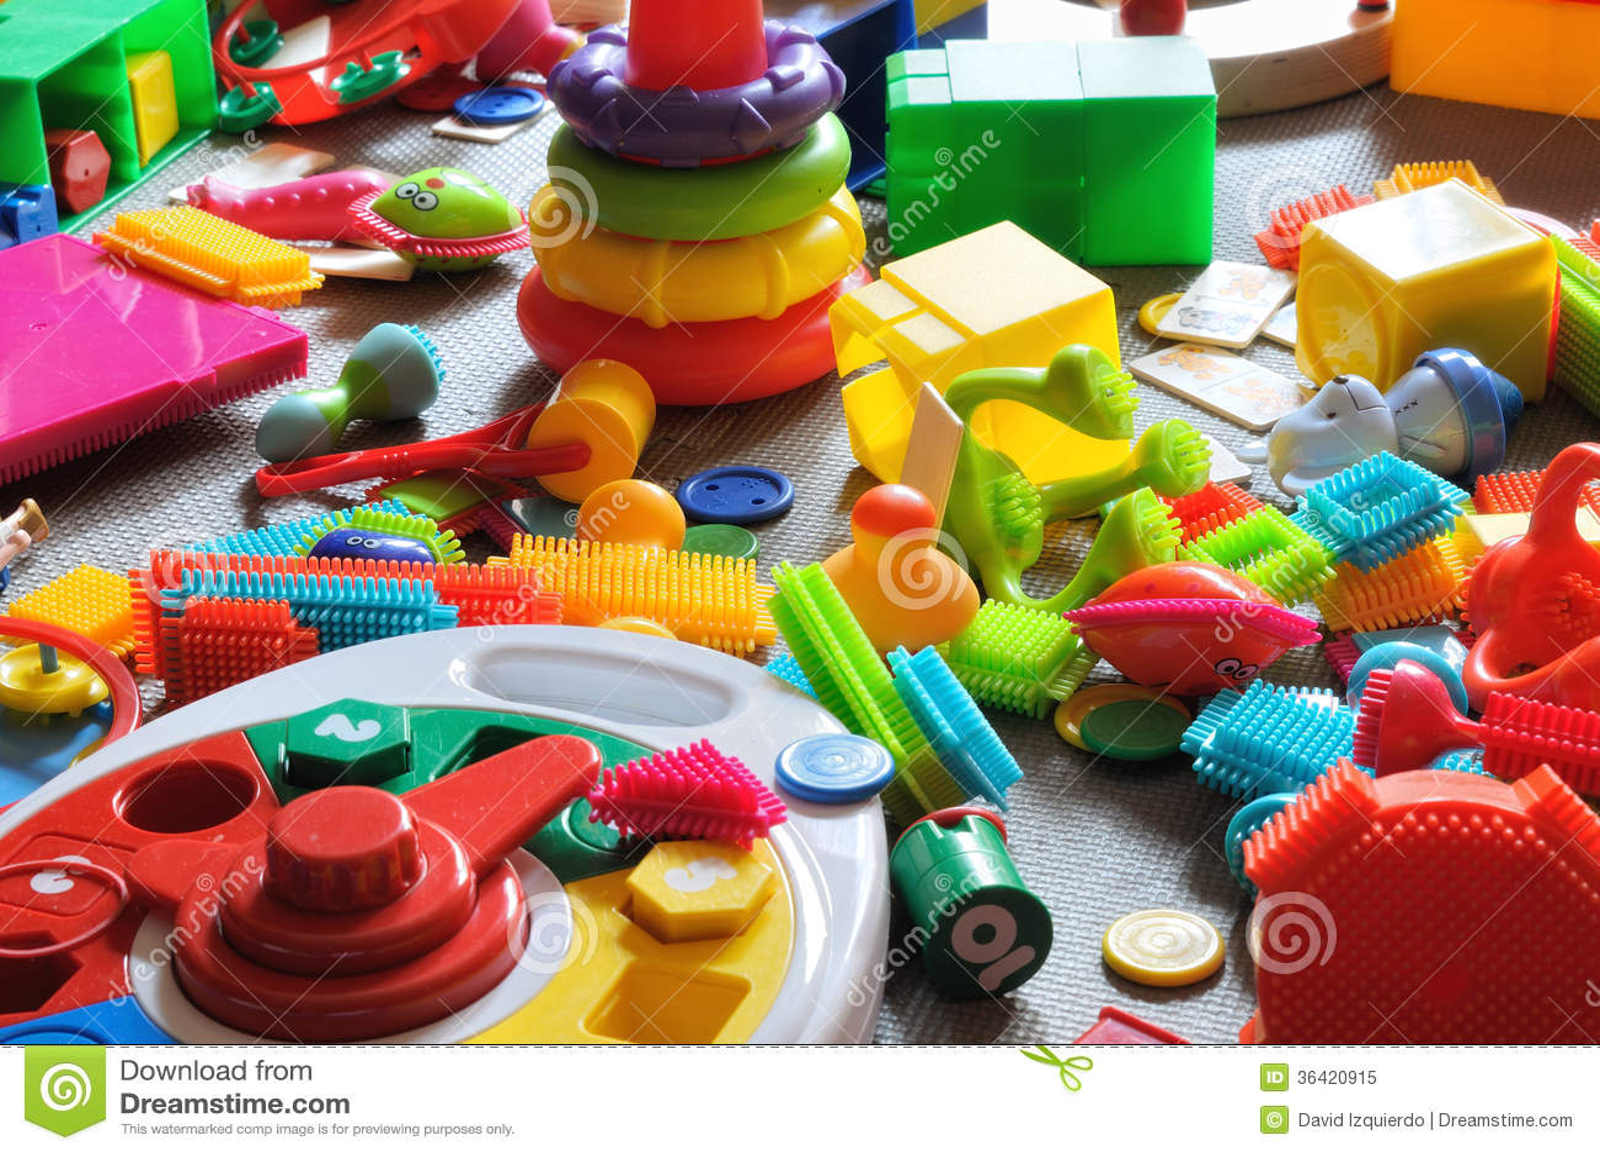 Områdesbarns leksaker
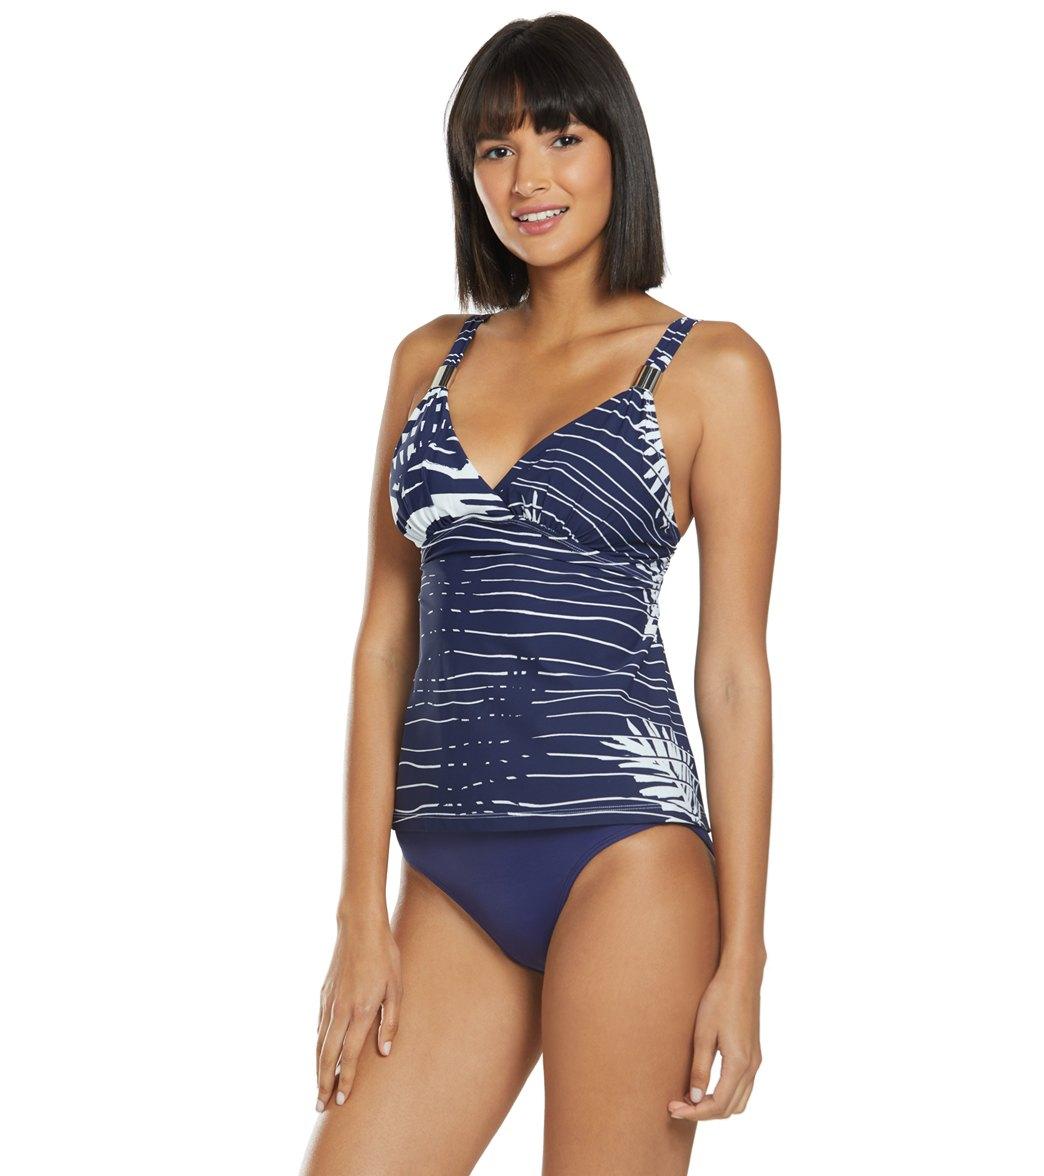 948958974e539 Amoressa Venetian Affair Lido Surplice Tankini Top at SwimOutlet.com ...
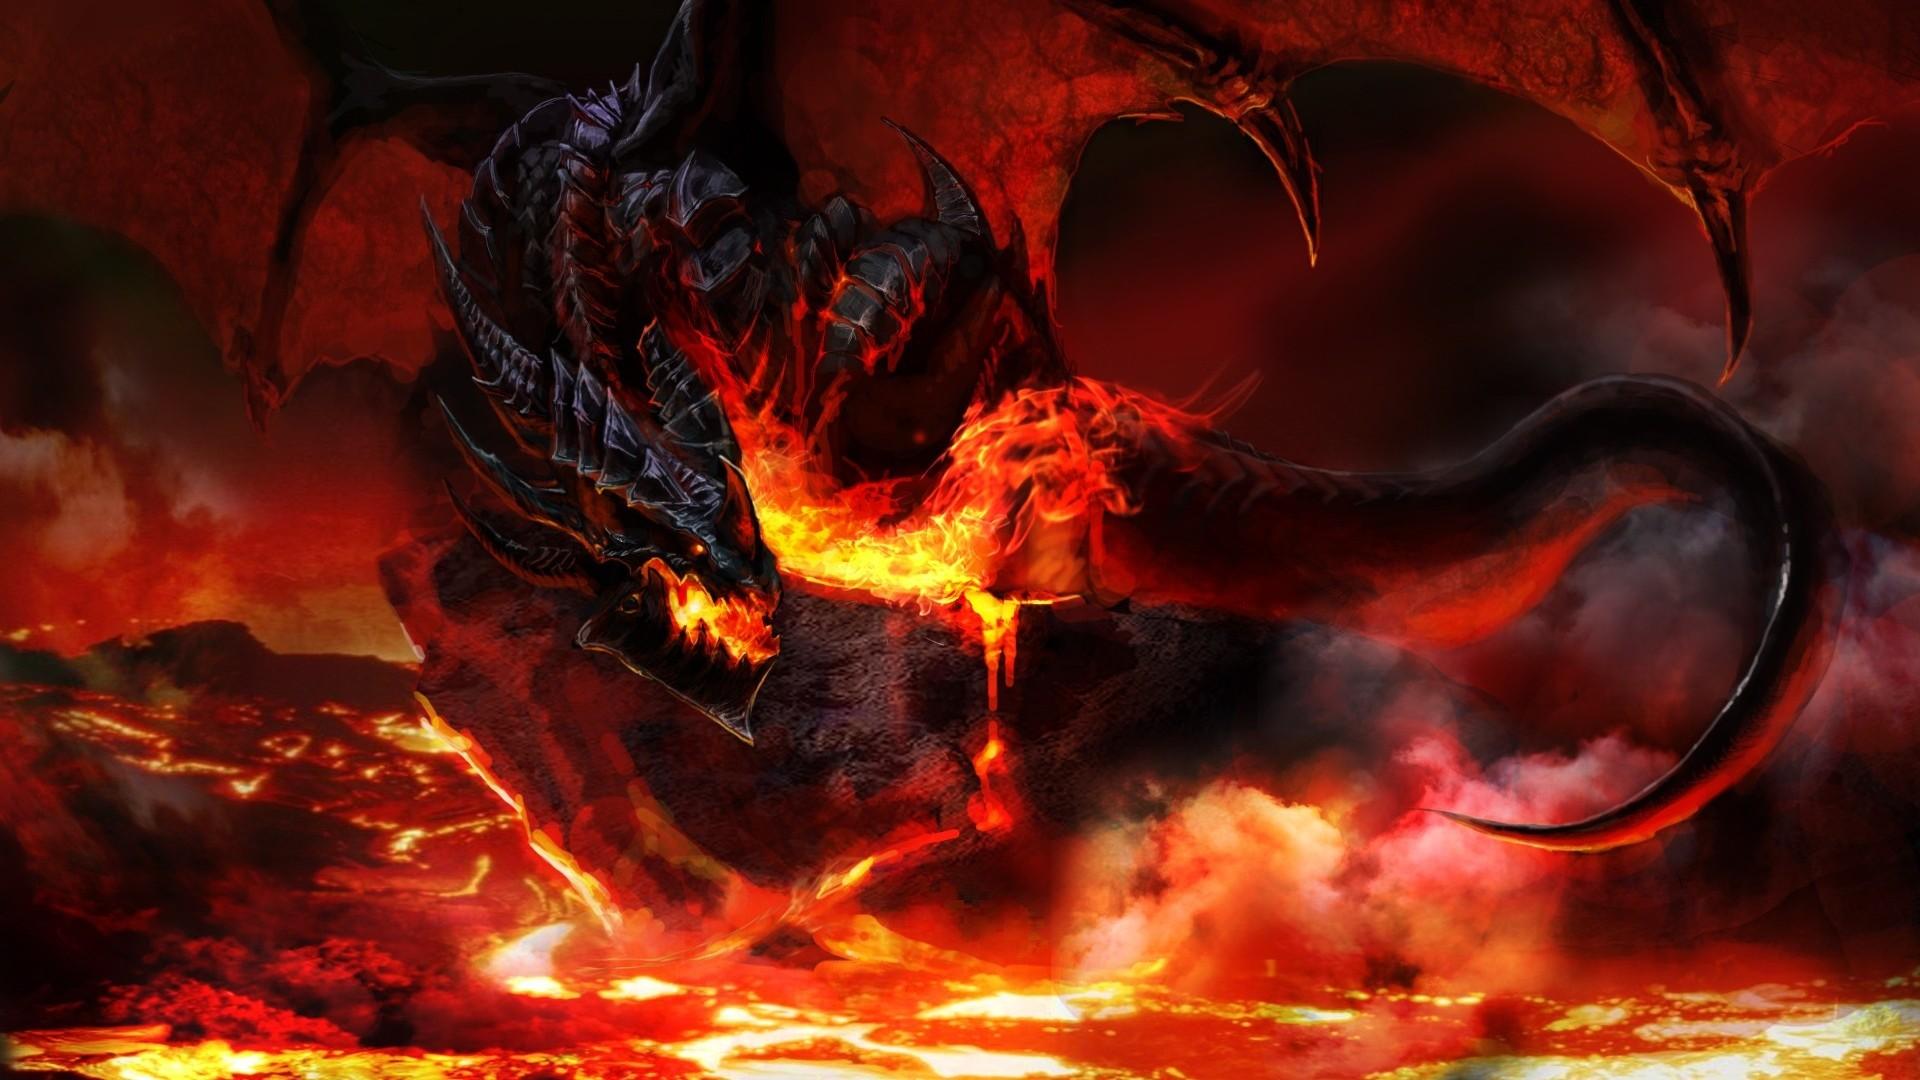 Dragon Wallpaper 1080p Wallpapertag

Assigned task:
Produce the material above again in full, with identical lines and no pictures.

Exercise answer:
 Områdesbarns leksaker
 948958974e539 Amoressa Venetian Affair Lido Surplice Tankini Top at SwimOutlet.com ...
 Dragon Wallpaper 1080p Wallpapertag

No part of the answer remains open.